Future looks bleak for Congress as Rahul fails yet again

Future looks bleak for Congress as Rahul fails yet again

Rasheed Kidwai | 29 Jul 2017 03:36 PM

File Image of Congress VP Rahul Gandhi

The abrupt collapse of the Mahagathbandan in Bihar has led to another round of criticism directed at AICC vice-president Rahul Gandhi. And rightly so.
Rahul and the Congress need to wake up fast. The idea of checking Prime Minister Narendra Modi-led BJP is tough, if not impossible. Modi is fast becoming a catalyst for political parties and politicians to coalesce around him and his popularity among the masses is increasing by the day. The Opposition's "Modi Hatao" campaign will not work, just as "Indira Hatao" had not worked.

Unlike Britain's Jeremy Corbyn, Rahul is unable to stick to ideology or values that he claims to propagate. The pressure from the Congress for him to be successful by any means is so much that, on most occasions, he acts almost against his own instincts and wishes. Rahul is unable to follow what both Right and Left ideologies have achieved by simply sticking to the position they had taken.

India's Grand Old Party needs to go back to basics instead of fancying rainbow coalitions and mahagathbandans. The Congress needs to take small, baby steps to stay relevant and execute its plans. It needs to set up and strengthen small units and groups that focus on the age-old principles of the party.

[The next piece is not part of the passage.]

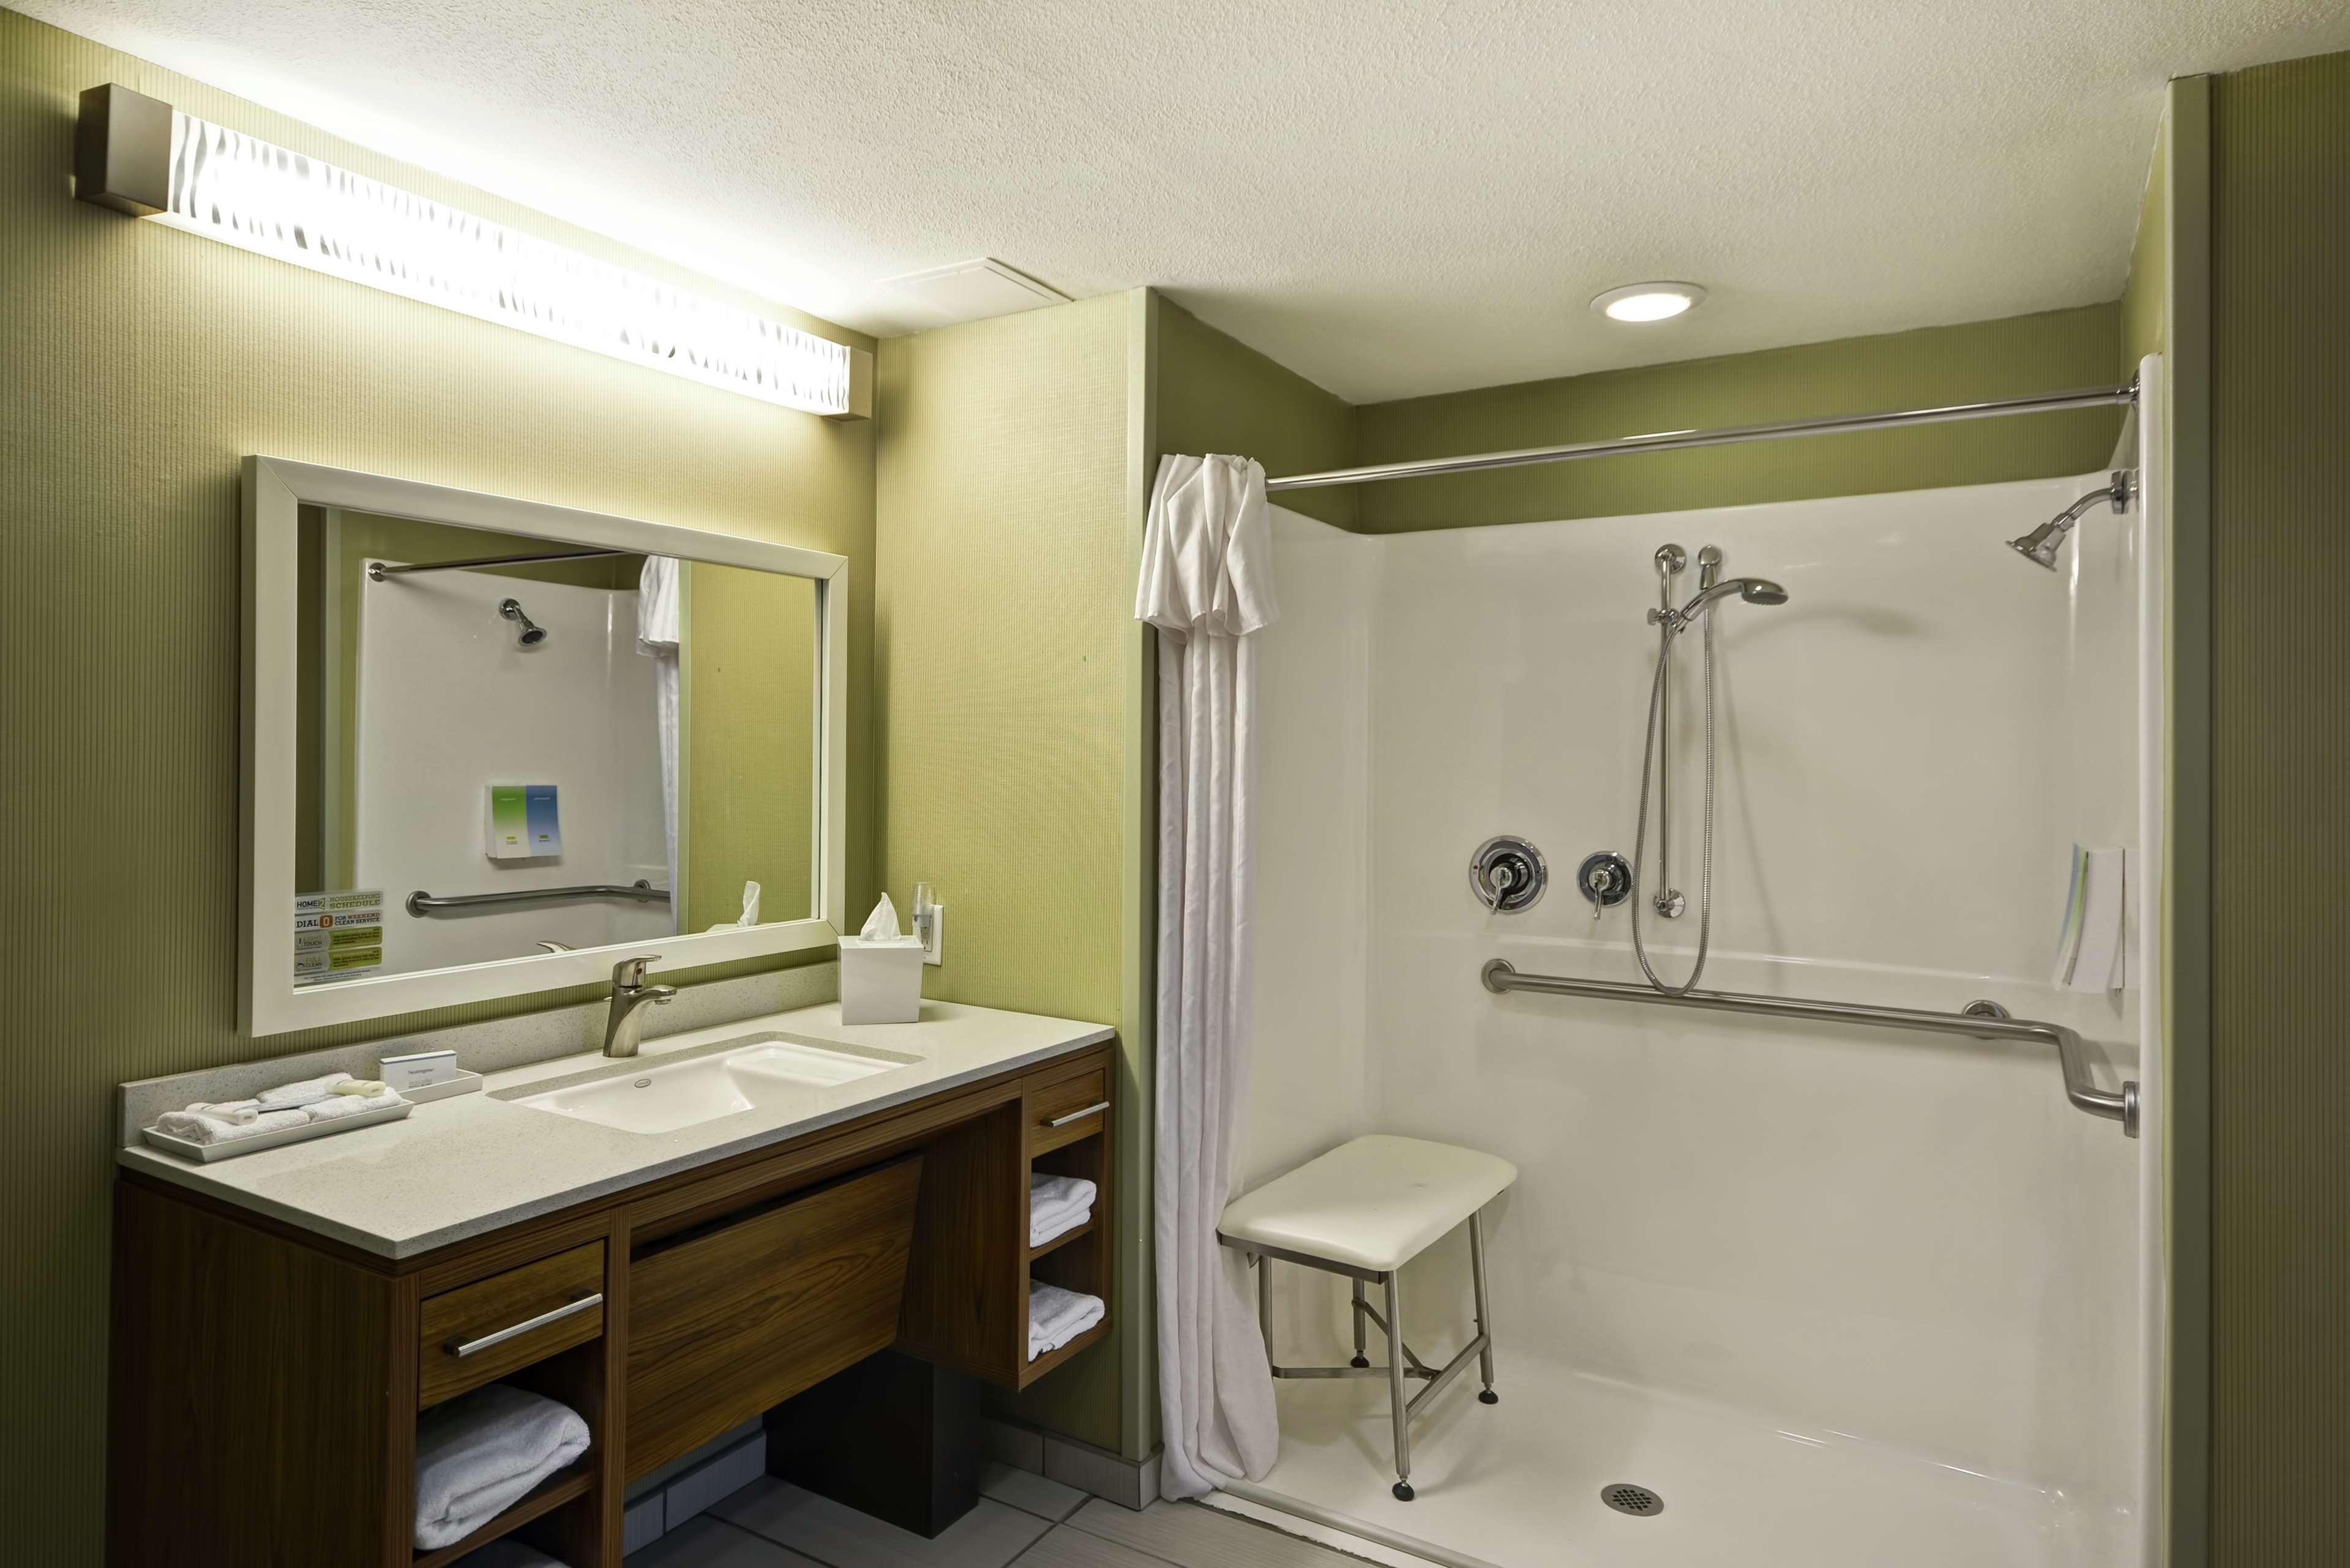 Home2 Suites By Hilton Rochester Henrietta, Ny Экстерьер фото

Throughout the 1940s and 1950s up to the 1980s and 1990s, the Sangh Parivar floated dozens of outfits that kept trying to damage the Congress and its icons -- Nehru and Gandhi. It succeeded in gaining both momentum and public support. The wheel of time is such that a combination of think tanks, local popular campaigns, common sense and thrust on ideology would yield results. Rahul must stop asking himself rather restlessly, “akhir kab” (when) during these testing times.

There is no plausible explanation as to why Rahul chose to meet Nitish Kumar if the AICC vice-president was so convinced of the Bihar Chief Minister being set on switching sides. Why was Tejashwi Yadav's resignation not secured in advance just to scuttle Nitish-BJP plans, even if for the time being?

It was an opportunity for Rahul to showcase how he, even as a beneficiary of dynasty politics, was opposed to it beyond a limit to the extent of pulling out Congress Ministers from the erstwhile JD (U)-RJD Government. Instead, Sonia Gandhi chose to humour Tejashwi, losing out in public perception.

Rahul should know that both his family and the Congress are rather incapable of dealing with 'Third Front' leaders. This was evident throughout the United Front regime in 1996-97 when the Congress leadership played havoc with the Governments headed by HD Deve Gowda and IK Gujral. During private conversations, most senior Congress leaders give expression to their utter disdain and low opinion of Janata parivar leaders for their thrust on caste-based equations, rustic manners and ability to peform amazing asanas to suit their interest.

In the present day Congress, big decisions are taken without consulting either the Congress Working Committee or the AlCC. When the Congress decided to have an alliance with the Samajwadi Party in Uttar Pradesh, even the State Congress unit was not consulted. Before the last Assembly election, Mamata Banerjee kept offering an alliance in West Bengal but the party chose to side with the Left. Both demonetisation and GST were criticised just for the heck of it.

The Congress's electoral prospects for 2019 look grim but the way Sonia-Rahul are running the party, even survival appears bleak. By 2018, the map of India will show a virtual 'Congress-mukt Bharat' in terms of no Congress-ruled State.

Yet there is no concern, leave alone worry, in the higher rungs of the party, more so in the High Command.